Authors: James A. Michener
Even in that year the lasting effect of the Mfecane could not be determined, since the vast movement was still having its repercussions, but perhaps the principal result was the forging of the Zulu nation under Shaka, who took a small tribe with only three hundred real soldiers and about two hundred apprentices and within a decade expanded it with such demonic force that it conquered a significant part of a continent. In area the Zulu kingdom magnified itself a thousand times; in population, two thousand; but in significance and moral power, more like a million.
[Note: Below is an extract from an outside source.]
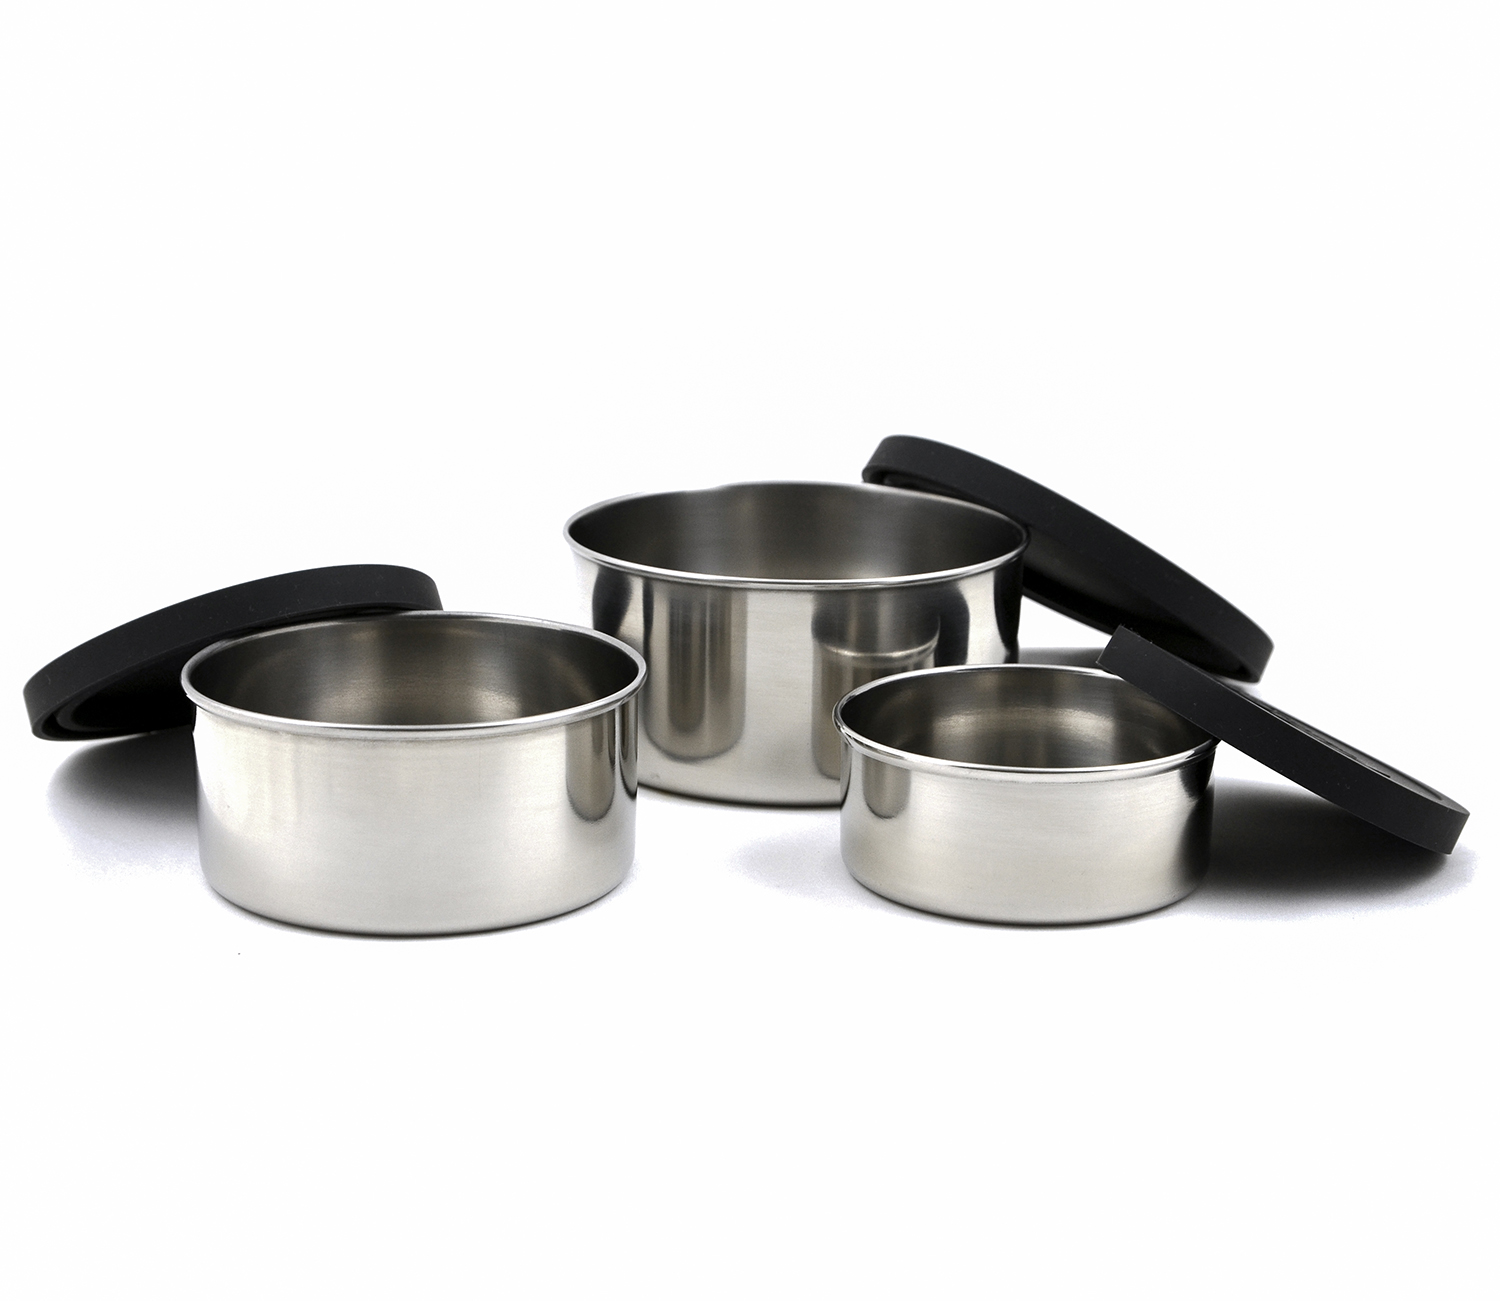 Made Sustained Round Stainless Steel Container - 3-Pack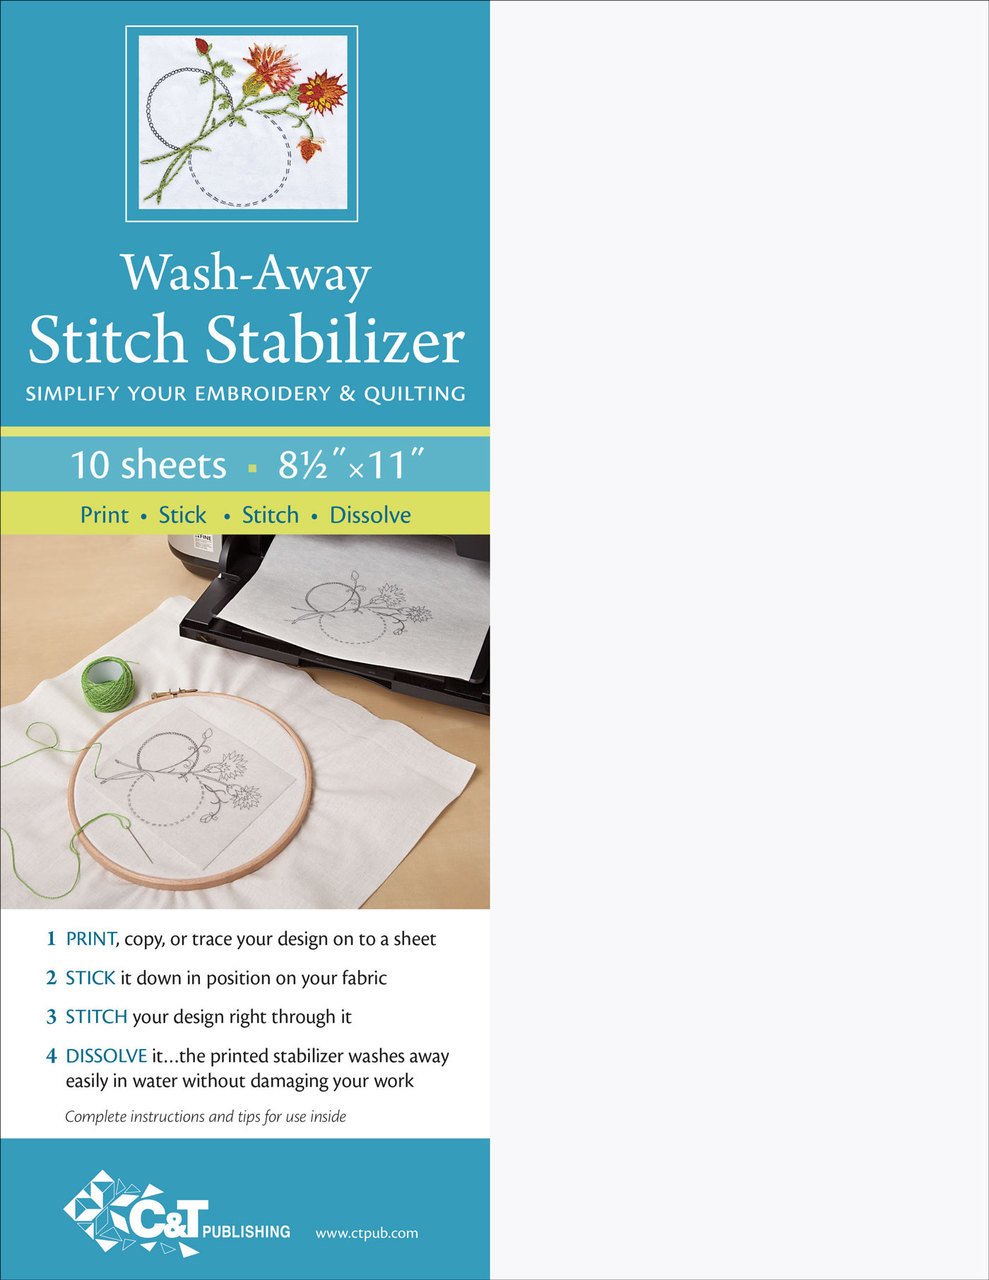 Water Soluble Stabilizer for Embroidery Stick and Stitch

Had Shaka died before his mother, he would be remembered in history only as another inspired leader who, in accordance with the harsh customs of his time, had brought discipline to an unruly region; his accomplishments would have been respected. But he died after his mother, and the savage excesses of his Dark Time, plus the heroic manner of his death, elevated him beyond mere remembrance and into the realm of legend.
In the most remote corners of southern Africa huddling blacks would dream of the day when mighty Shaka would return to lead them into their heritage. His military prowess was magnified; his prudence as a ruler exalted. Out of his personal tragedy Shaka offered his people a vision.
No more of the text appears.